The world knows no toughness like that of the water bear, which looks like a cannon wearing a pair of wrinkled khakis. This microscopic critter can survive boiling water (and alcohol too, just to be safe), some of the lowest temperatures in the universe, and blasts of radiation that would kill a human. In the slightly edited but still immortal words of Austin Powers: “Why won’t the water bear die?”
The question has for decades baffled scientists, who suspected the water bear—also known as a tardigrade—mobilizes a sugar called trehalose to reinforce its body and keep its cells from swift destruction. But no longer. In a paper out today in Molecular Cell, researchers claim they’ve found an exclusively tardigradean protein that the creature produces, forming it into a glass bead.

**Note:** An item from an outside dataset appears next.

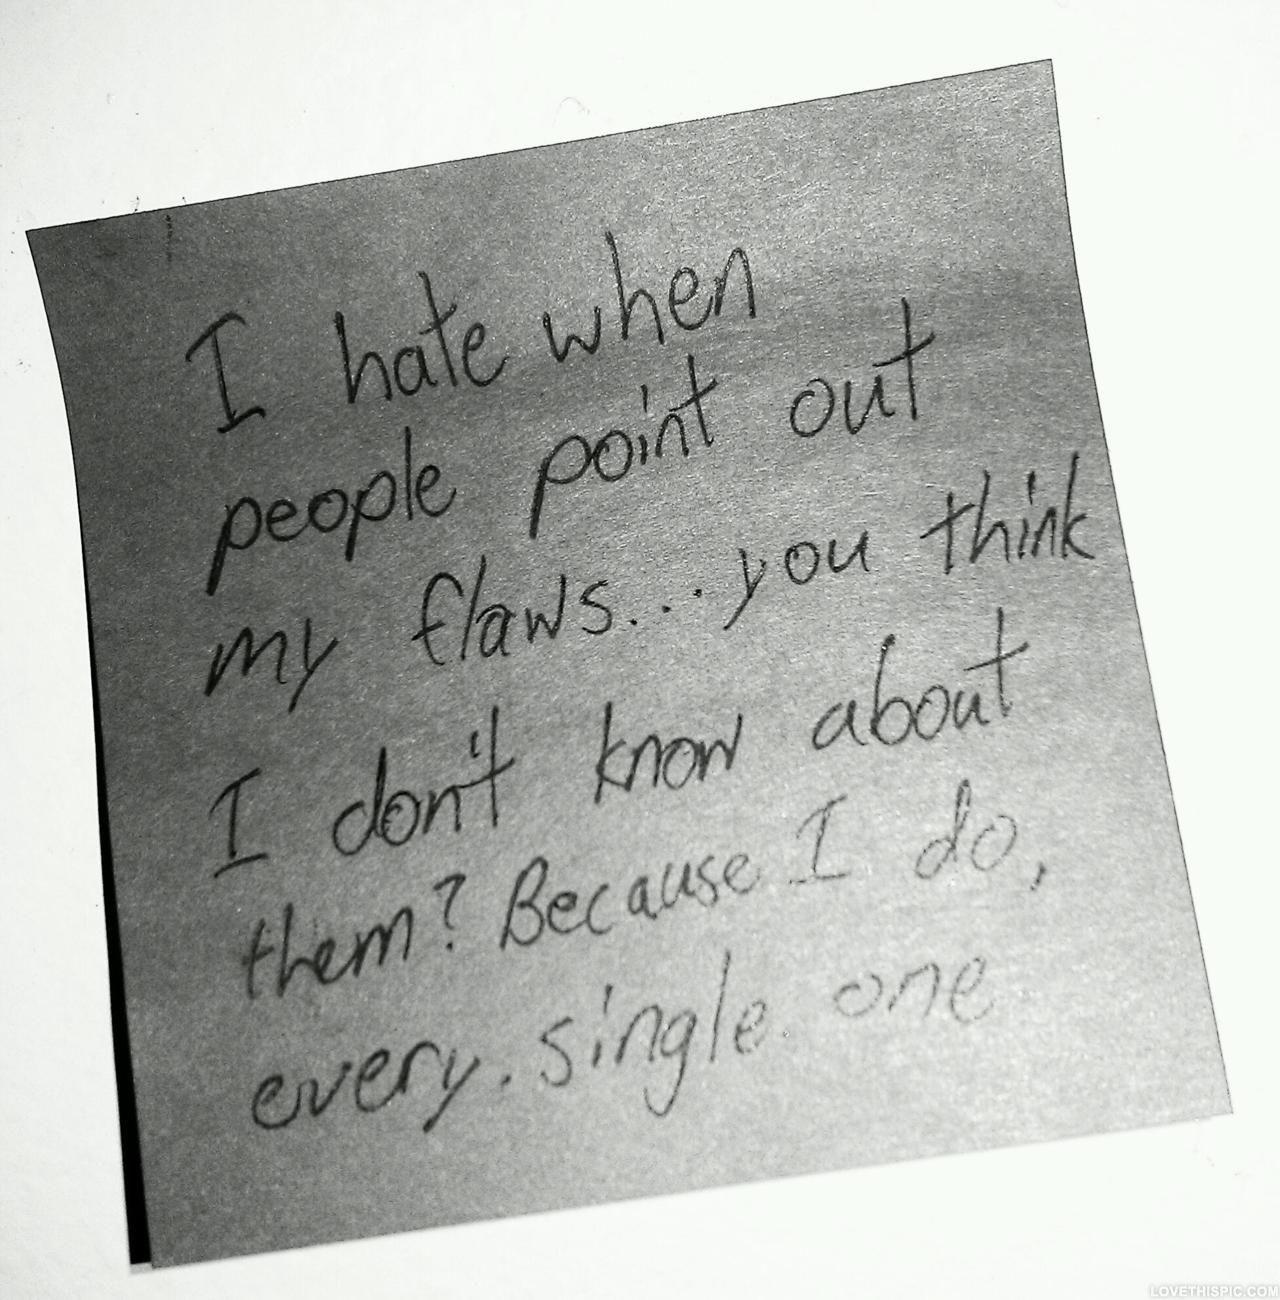 Being single is making me depressed

It’s in this state that the water bear can pull off such extreme feats of survival—which might be very convenient for human medicine one day.
The problem with the trehalose theory, as it turned out, was that while many other organisms like nematode worms and brine shrimp use it to survive desiccation, not all water bear species produce the sugar under stress. Some of those other organisms produce enough trehalose to make up 20 percent of their body weight. The water bear? Only about 2 percent. Pitiful, really. […]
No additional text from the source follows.